Oddychał spokojnie, śpiąc na kanapie w salonie. Chłopcy rozsiedli się naokoło niego. Od incydentu na treningu, ich oczy nawet na chwilę nie opuściły maleństwa. Mieli dziwne przeczucie, że nieznajomy w jakiś sposób jest związany z Jungkookiem.
Jin był najbardziej zmartwiony. Nigdy nie widział młodszego w tak krytycznym stanie. Jungkook wyglądał, jakby za chwilę miało mu całkowicie zabraknąć tlenu. Cóż, dobrze, że teraz wszystko jest w porządku.
Zespół nie wstał nawet po coś do jedzenia, czekając aż Jungkook się zbudzi. Ich menadżer był wciąż na spotkaniu z CEO, na którym mieli przedyskutować stan chłopca i, oczywiście, jego przeszłość.
Pół godziny później Kookie powoli otworzył oczy. Chłopcy niemal natychmiast zerwali się z miejsc, podchodząc do niego. Rozejrzał się dookoła, jakby nie poznając miejsca. Przyjrzał się każdemu z członków zespołu.
Incydent z wcześniej odbił się mocno w umyśle chłopca, którego oczy otworzyły się szeroko z przerażenia. Nagle zaczął hiperwentylować. Jin poczuł falę paniki spływającą po nim, jednak opanował się i ruszył pocieszać młodszego.
- Wszystko w porządku, Kookie. On już cię nie skrzywdzi, nie ma go tutaj. Po prostu oddychaj, okay? - powiedział, głaszcząc go uspokajająco po plecach.
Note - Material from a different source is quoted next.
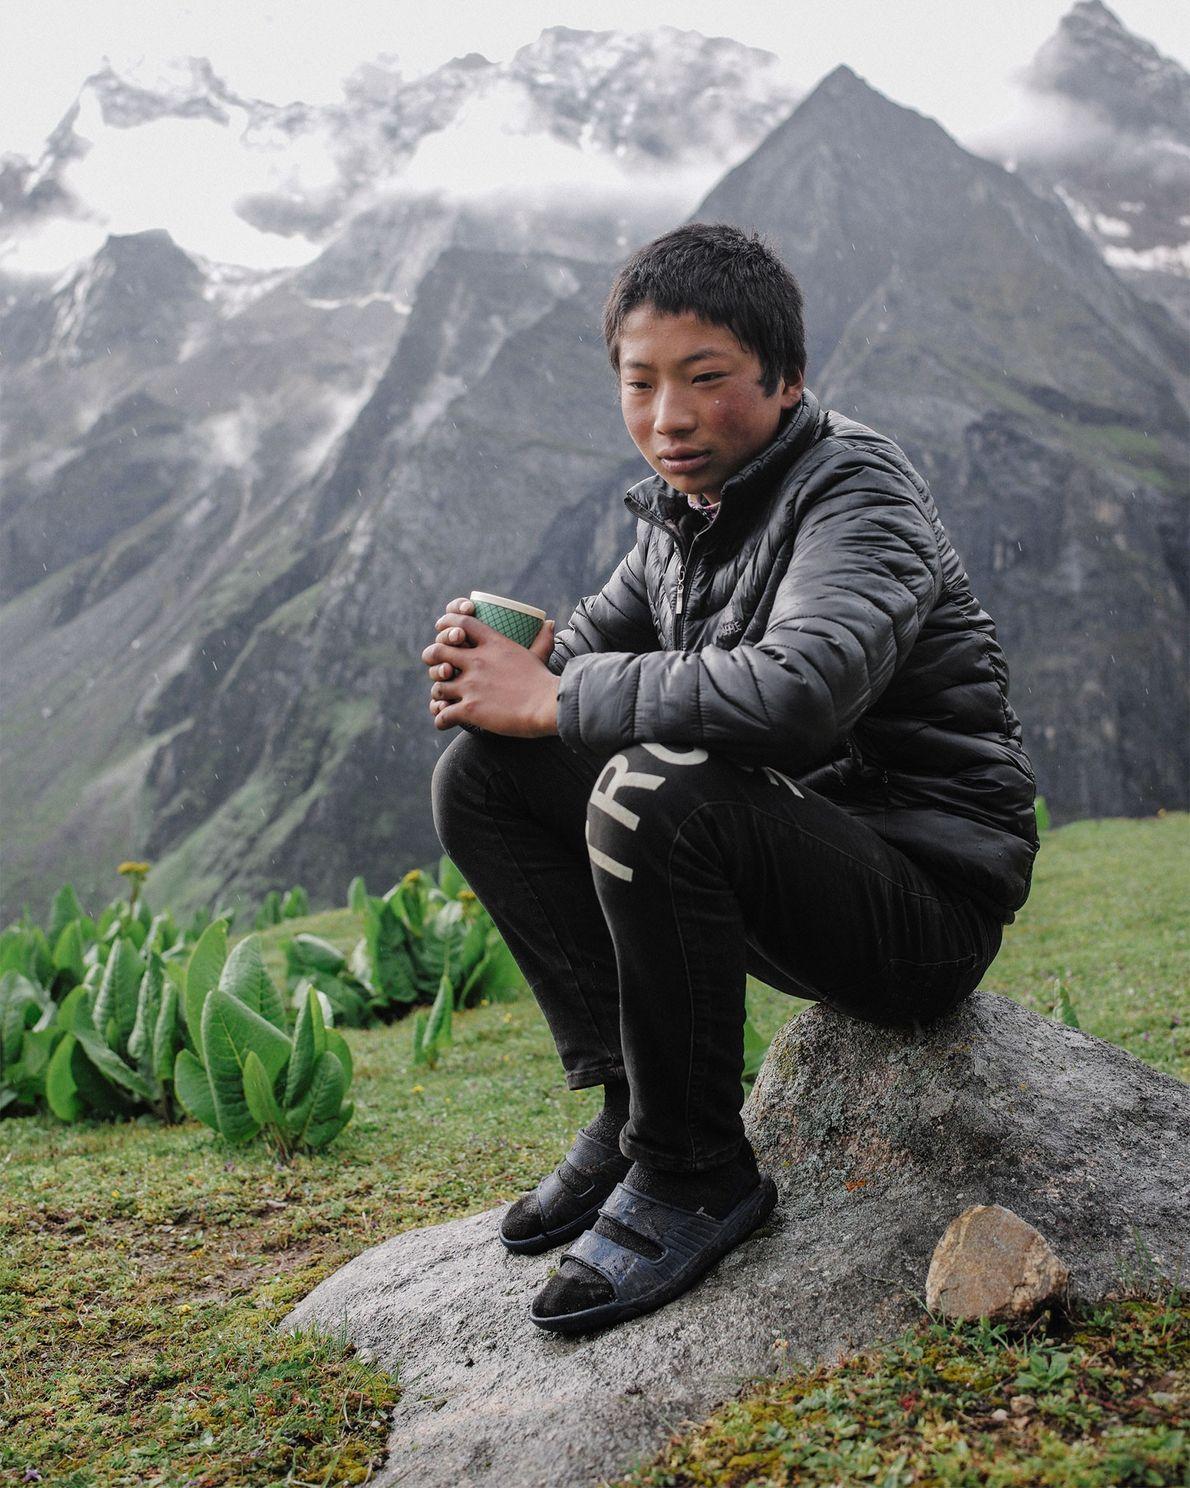 Fifteen-year-old Karma Tenzin is a 7th-grader in Laya. Unlike his nomadic yak-herding parents, Karma wants to ...

- H-hyung... B-boję s-się.
- Cii, Kookie. Tego potwora już tu nie ma, prawda?
Jungkook wtulił się w starszego i płakał cicho.
- Będziemy chronić cię od wszystkich bestii, dobrze?
Chłopiec pokiwał głową i wymamrotał potwierdzenie.
Kiedy Jungkook skończył już płakać, koszulka Jina miała na sobie kilka plam od jego łez. Jednak starszy chętnie byłby dla niego poduszką do płakania, jeśli tylko miałby czuć się lepiej.
Jin poszedł do kuchni z zamiarem przygotowania kilku przekąsek, a pozostali zajęli się Jungkookiem. Hoseok, Taehyung i Jimin spróbowali opowiedzieć kilka żartów, by polepszyć atmosferę. Jednak słaby uśmiech chłopca szybko zniknął z jego twarzy. Yoongi i Namjoon tylko nadzorowali sytuację. A przynajmniej Yoongi, bo Namjoon zajął się pisaniem.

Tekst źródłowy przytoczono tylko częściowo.